ROANOKE TIMES

                         Roanoke Times
                 Copyright (c) 1995, Landmark Communications, Inc.

DATE: THURSDAY, October 7, 1993                   TAG: 9310070347
SECTION: VIRGINIA                    PAGE: C-4   EDITION: METRO 
SOURCE: By KATHY LOAN STAFF WRITER
DATELINE: CHRISTIANSBURG                                LENGTH: Medium


COURT DISMISSES OTHER CHARGES ON PROFESSOR

Charges that a Virginia Tech professor - indicted last week on allegations of embezzlement - wrote insufficient-fund checks were dismissed Wednesday.

H.D. Flowers II, the director of Virginia Tech's black studies program, appeared in Montgomery County General District Court on three misdemeanor charges of writing insufficient-fund checks, which were dismissed when the complainants did not appear in court. Three similar charges against Flowers, who also teaches theater arts, were dismissed in 1992.

Flowers, 48, of Blacksburg, was indicted by a Montgomery County grand jury Friday for allegedly cashing two payroll checks July 1 and Aug. 9 that were payable to King D. Godwin, a graduate student who began attending Tech this semester.

The checks were payment for teaching one class each summer-school session. After taxes, the checks were for slightly more than $4,000 each.

Godwin told authorities he was not in Blacksburg this summer and didn't teach the courses or receive payment.

According to authorities, Flowers and Drexel Ball, an assistant to the president of Delaware State College in Dover, initially said Ball taught the courses.
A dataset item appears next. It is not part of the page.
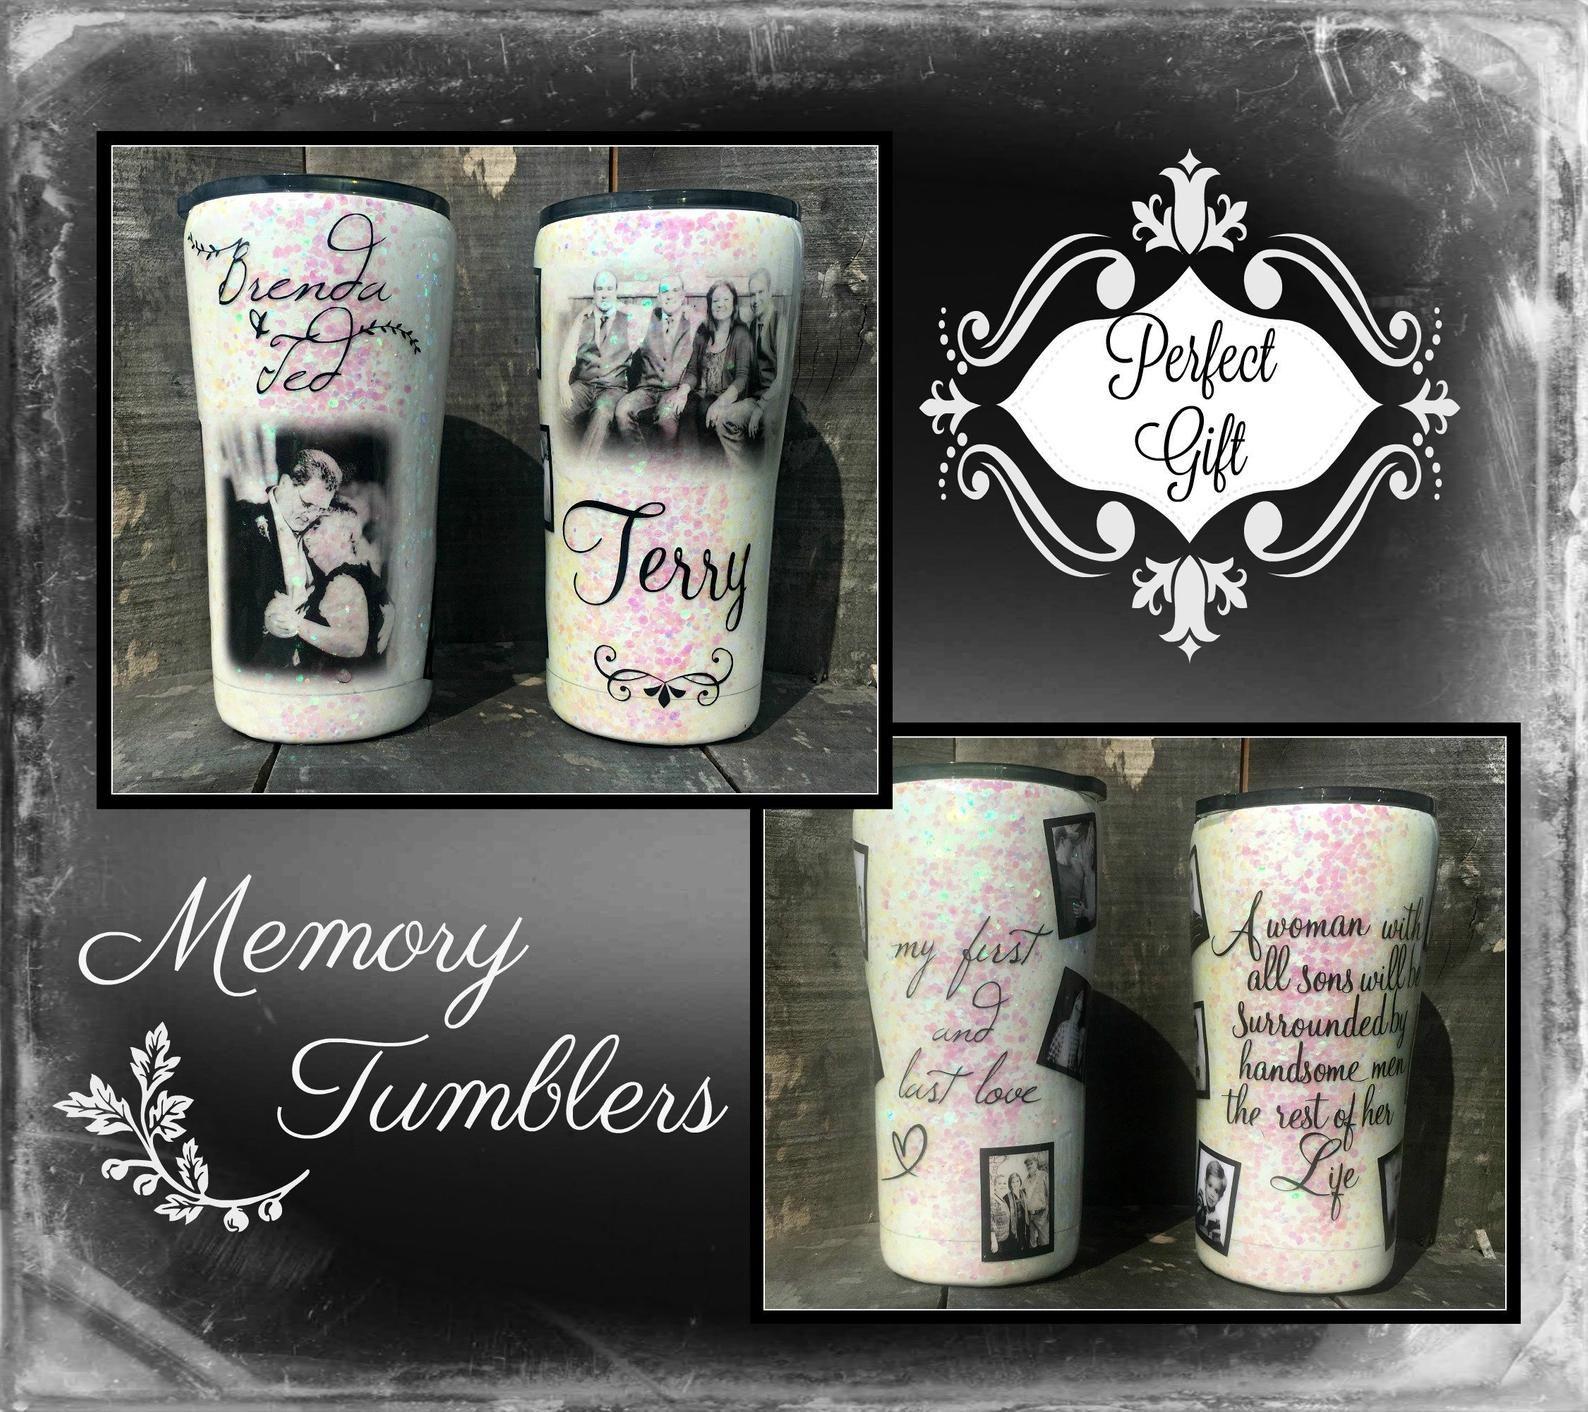 custom photo tumbler tumbler Photo tumbler gifts for him 20oz tumbler gifts for her custom tumbler

Authorities were told by an unnamed source that Flowers paid Ball a total of $4,000 in cash.

But Ball told authorities and the Roanoke Times & World-News on Wednesday that he did not teach the classes.

Ball said Wednesday that he knew Flowers because they both had worked at North Carolina A&T State University in Greensboro, Flowers as professor and chairman of the division of theater, and Ball as assistant director of public relations and sports information director.

Flowers said after court that he wants to see his name cleared but on the advice of his lawyer, Berrell Shrader of Blacksburg, would not comment on the allegations.